[WORK TO COMPLETE] Could you output the whole listing exactly as it stands, minus any images?

[DATA BELOW]

=-=-=

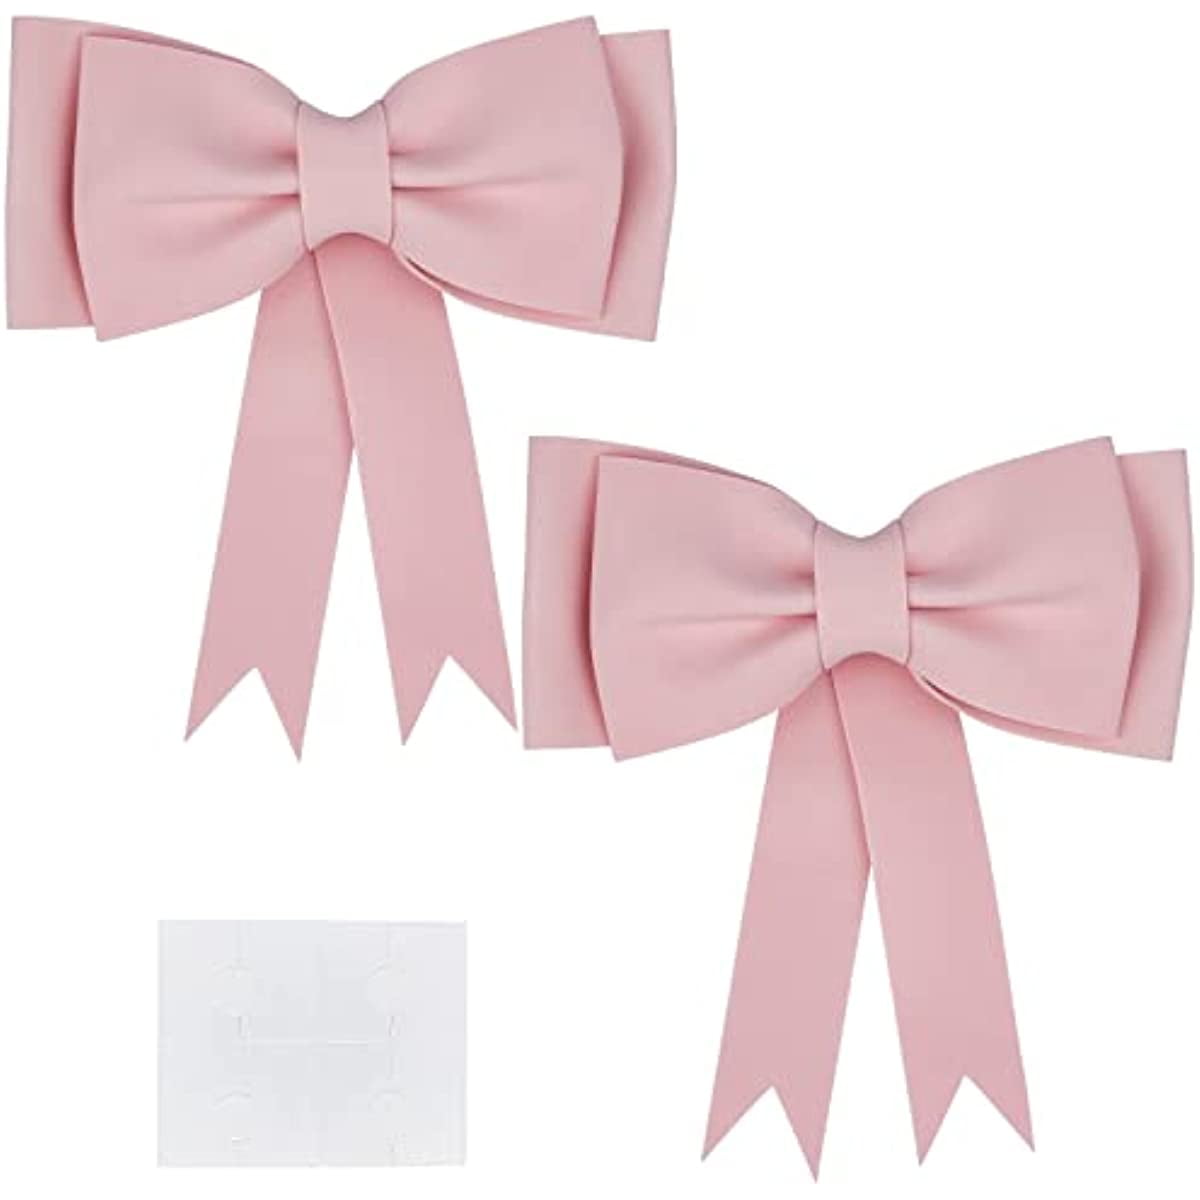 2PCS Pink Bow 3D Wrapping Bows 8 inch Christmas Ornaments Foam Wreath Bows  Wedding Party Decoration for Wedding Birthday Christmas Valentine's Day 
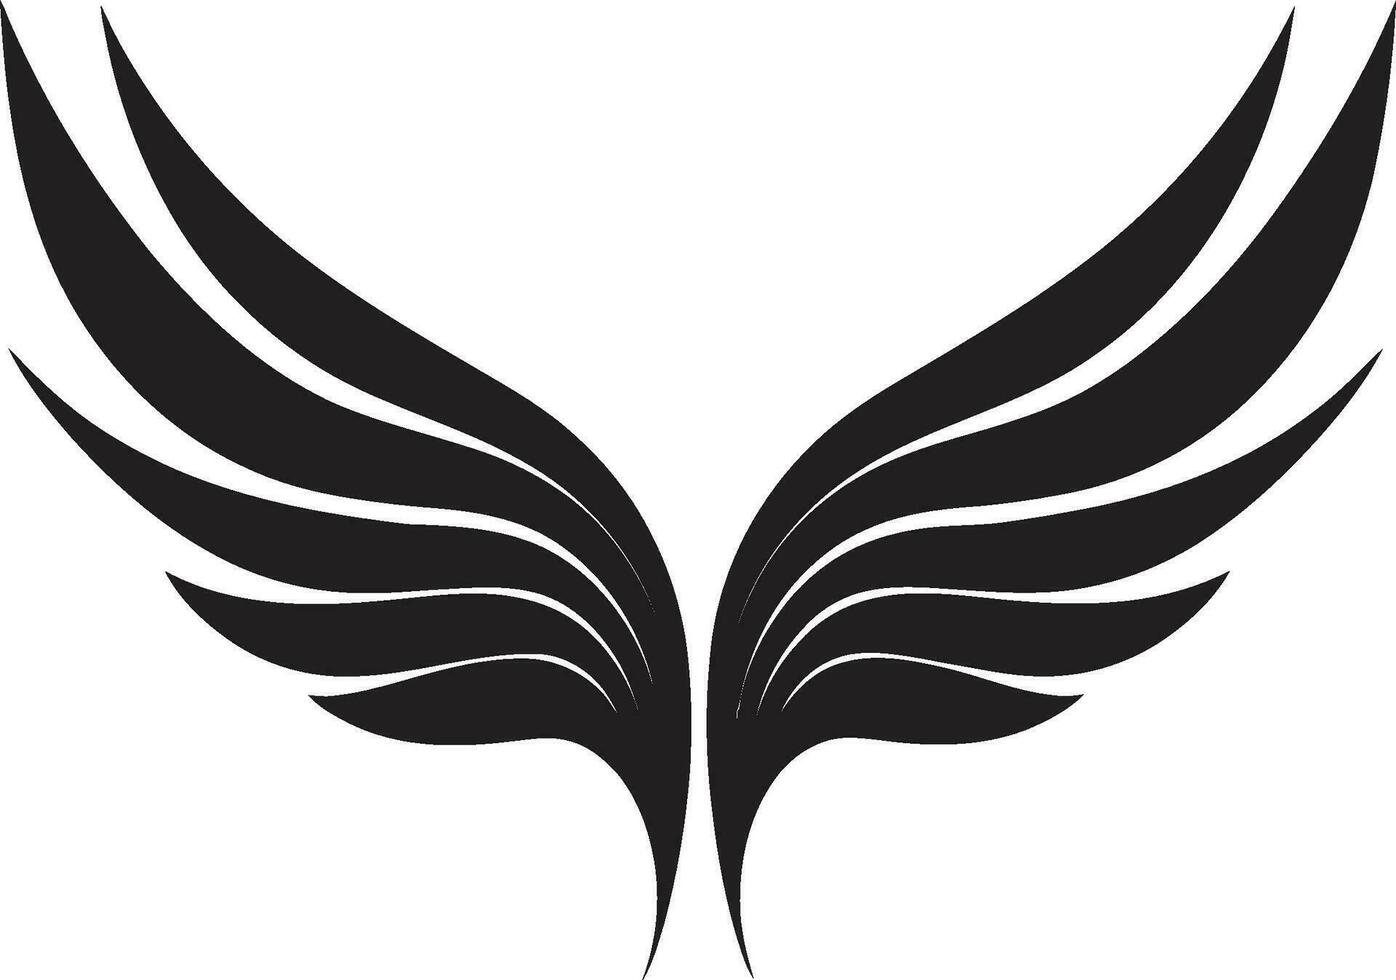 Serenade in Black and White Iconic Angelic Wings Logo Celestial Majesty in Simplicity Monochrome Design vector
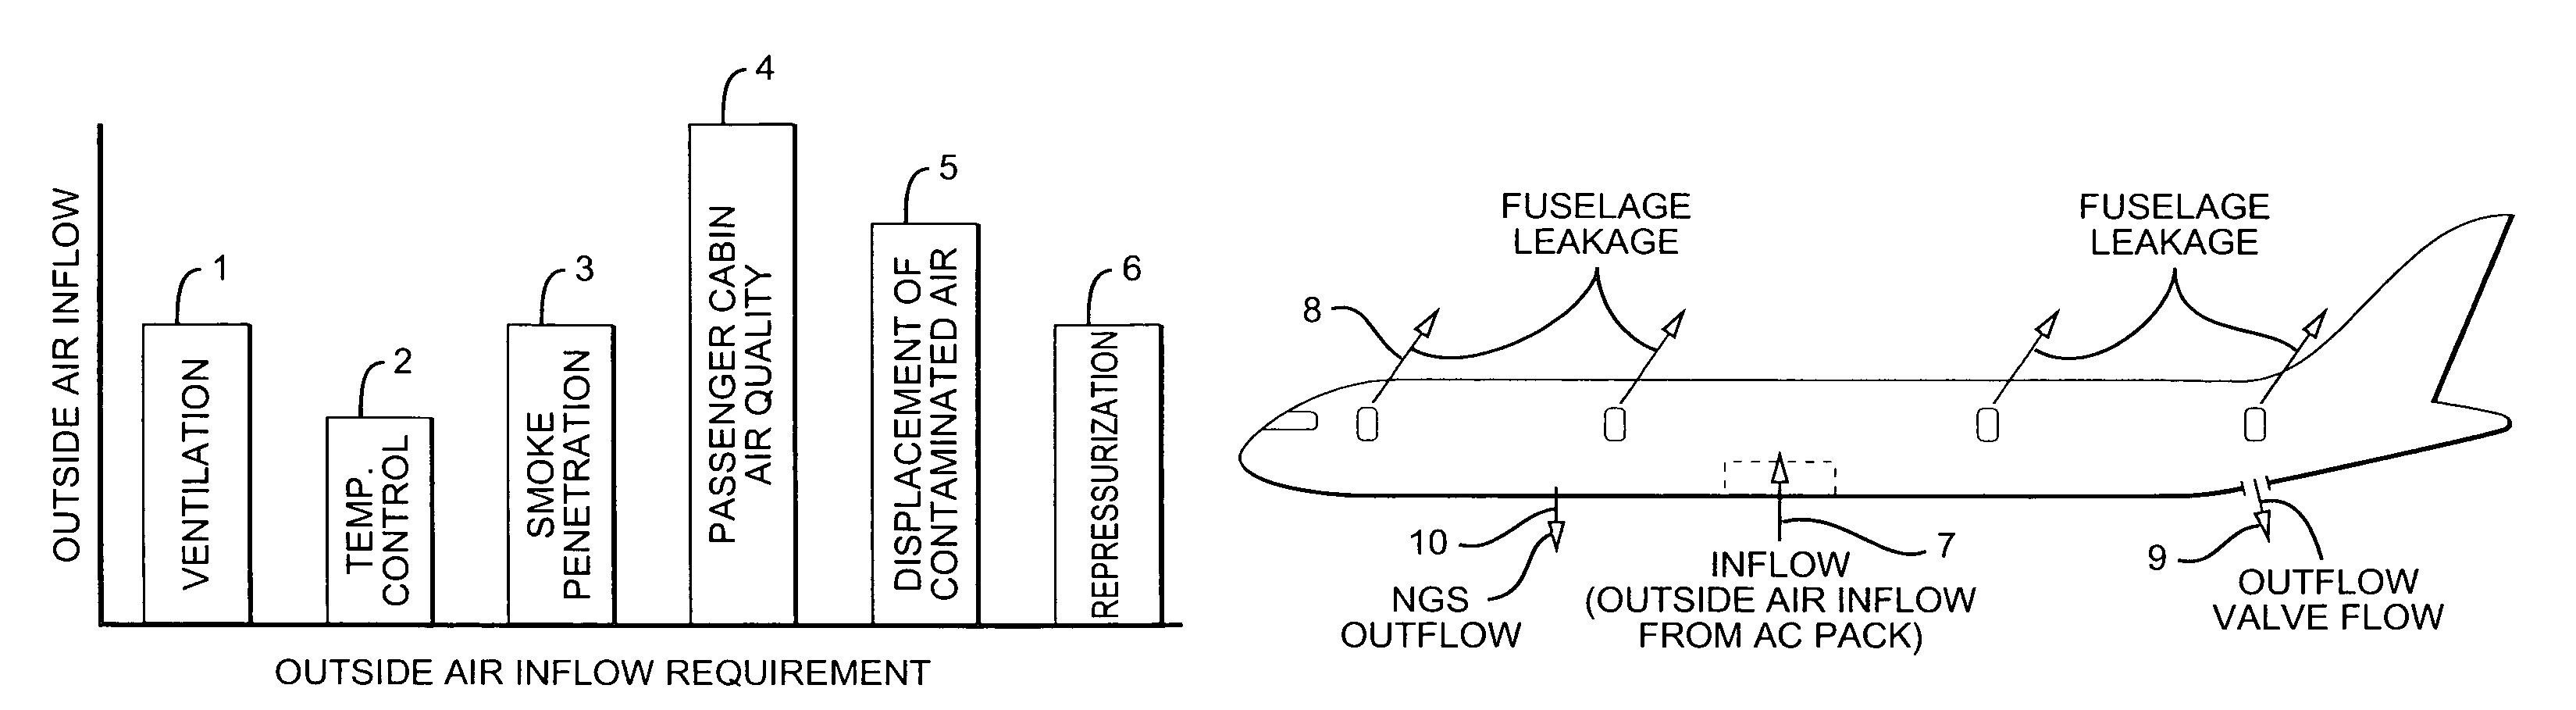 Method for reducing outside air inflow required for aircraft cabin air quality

=-=-=

[SOLVED EXERCISE]
 2PCS Pink Bow 3D Wrapping Bows 8 inch Christmas Ornaments Foam Wreath Bows  Wedding Party Decoration for Wedding Birthday Christmas Valentine's Day 
 Serenade in Black and White Iconic Angelic Wings Logo Celestial Majesty in Simplicity Monochrome Design vector
 Method for reducing outside air inflow required for aircraft cabin air quality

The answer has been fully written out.